SUPPLIED DATA:

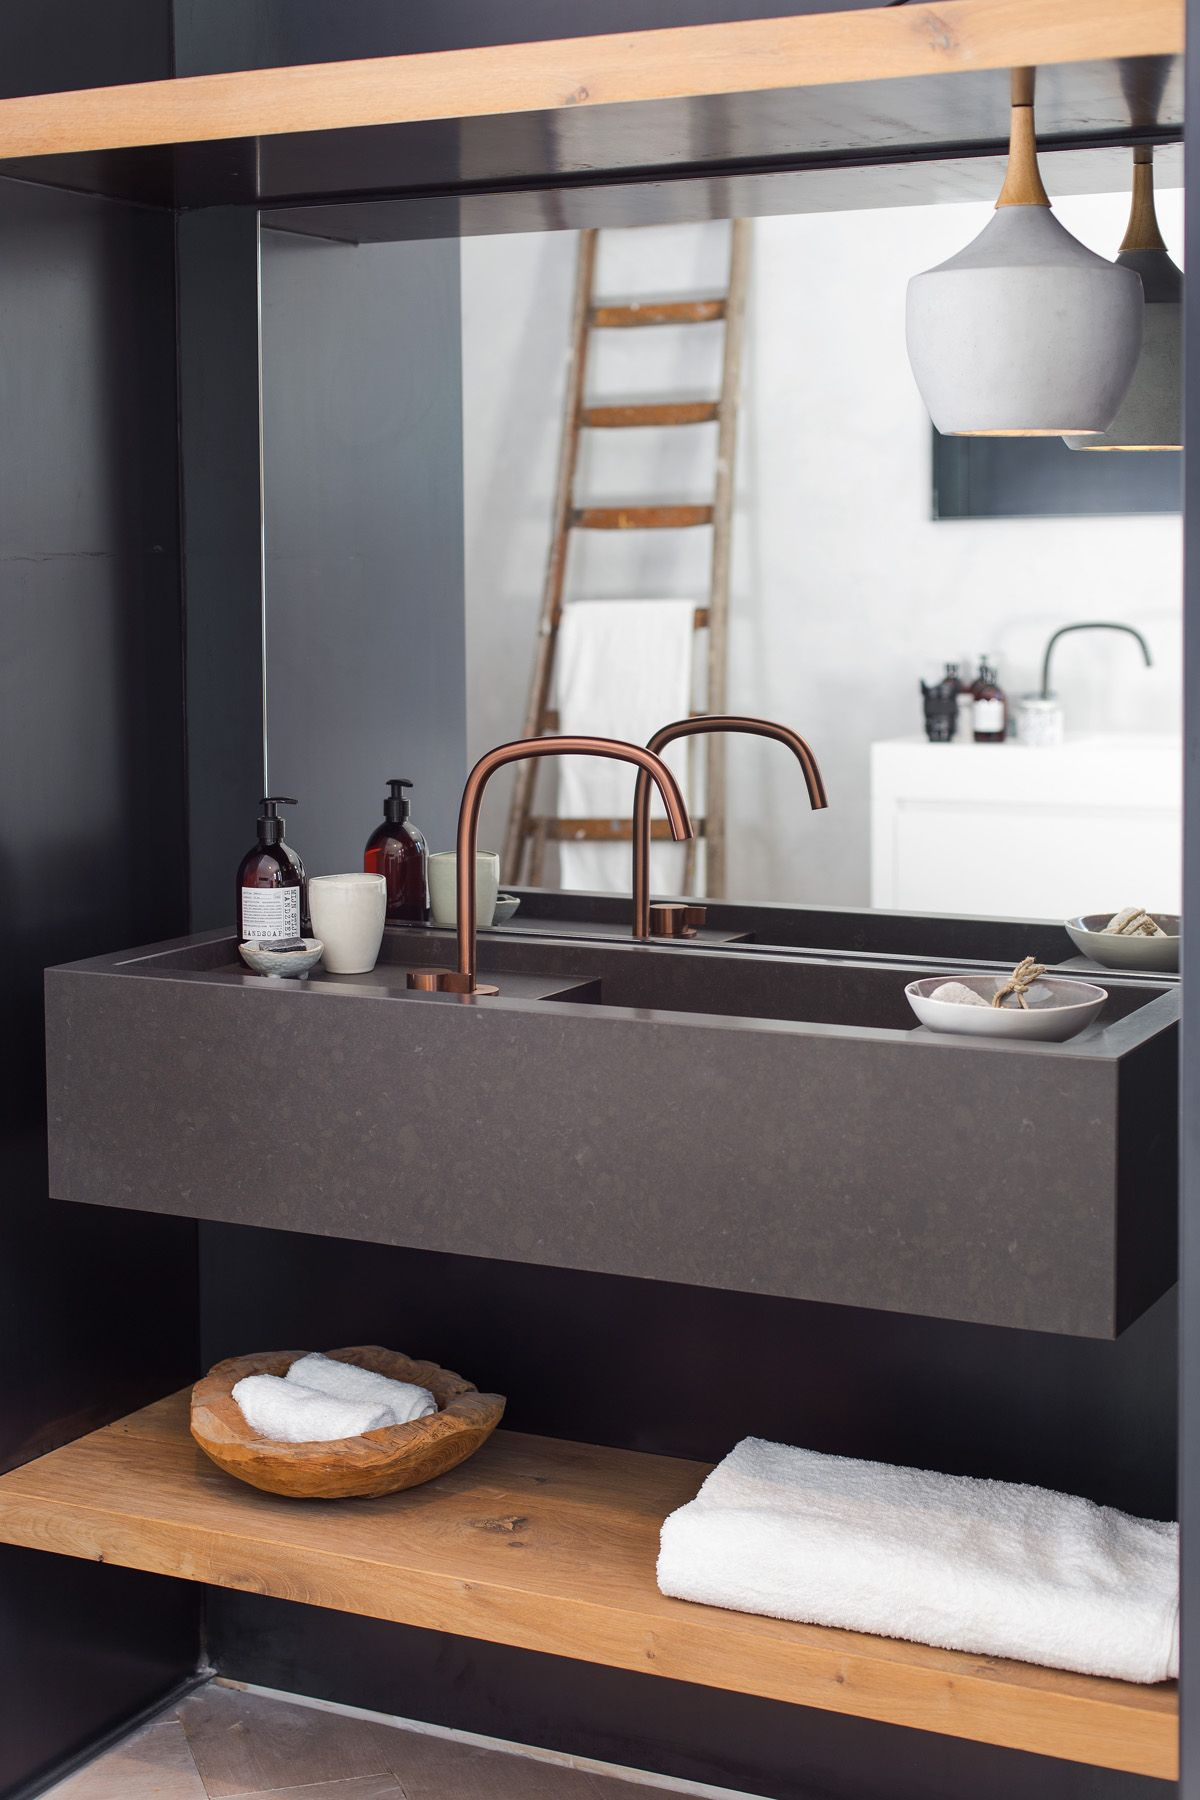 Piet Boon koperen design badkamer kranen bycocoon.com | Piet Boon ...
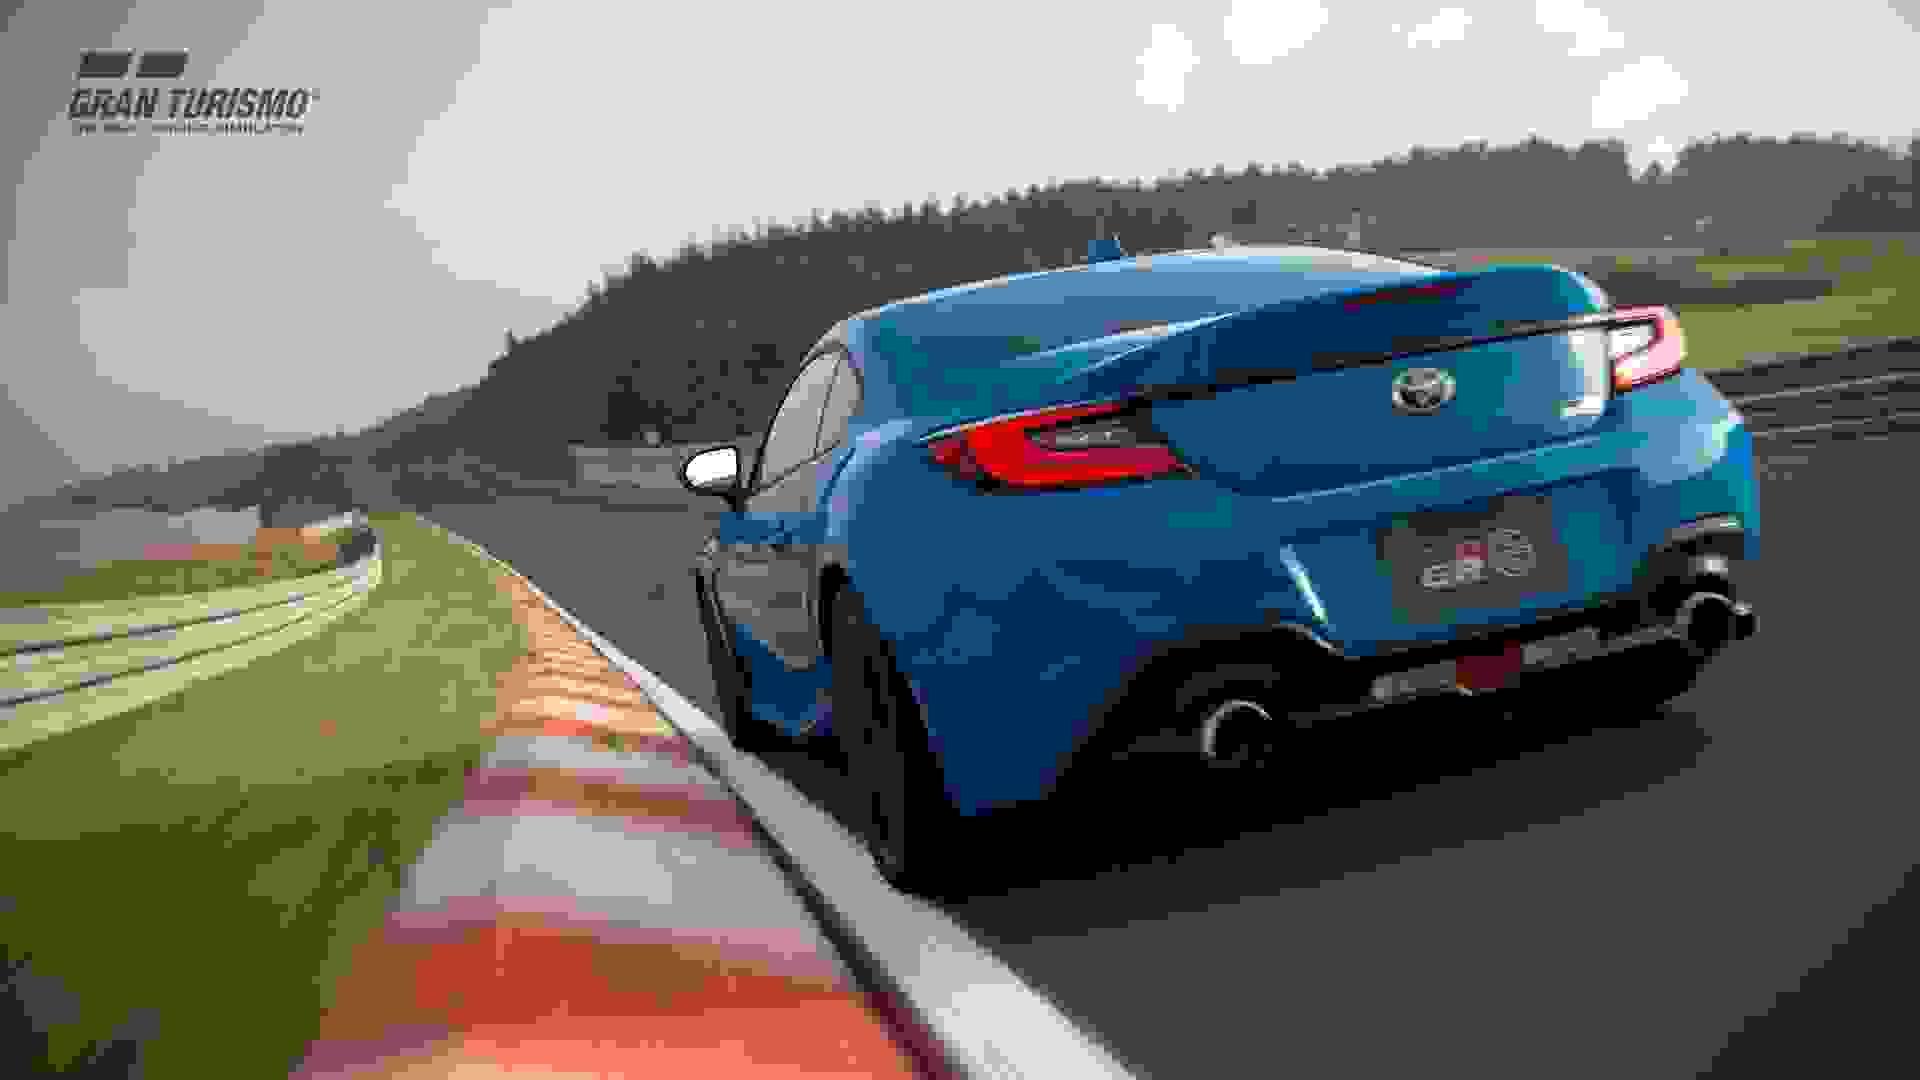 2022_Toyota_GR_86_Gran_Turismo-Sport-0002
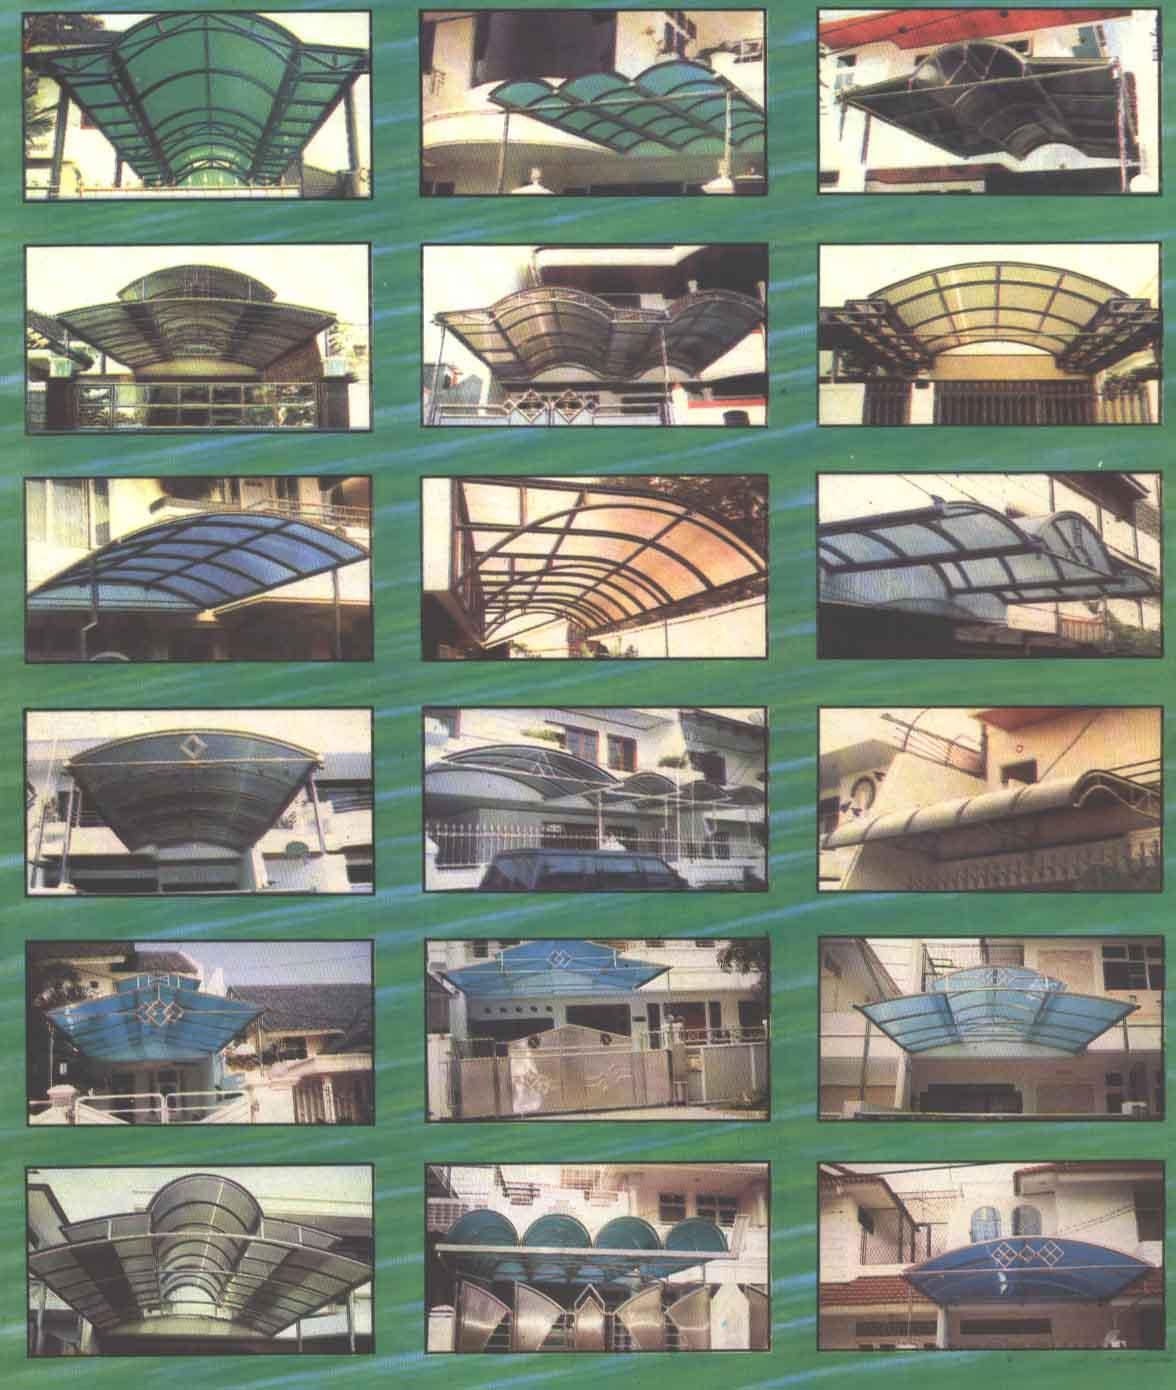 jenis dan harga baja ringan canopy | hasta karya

PROBLEM TO SOLVE:
Write out exactly the lines beginning with the line that holds "2022_Toyota_GR_86_Gran_Turismo-Sport-0002" and ending with the final line of the data, both ends included, without the pictures.

OUTPUT OF THE EXERCISE:
 2022_Toyota_GR_86_Gran_Turismo-Sport-0002
 jenis dan harga baja ringan canopy | hasta karya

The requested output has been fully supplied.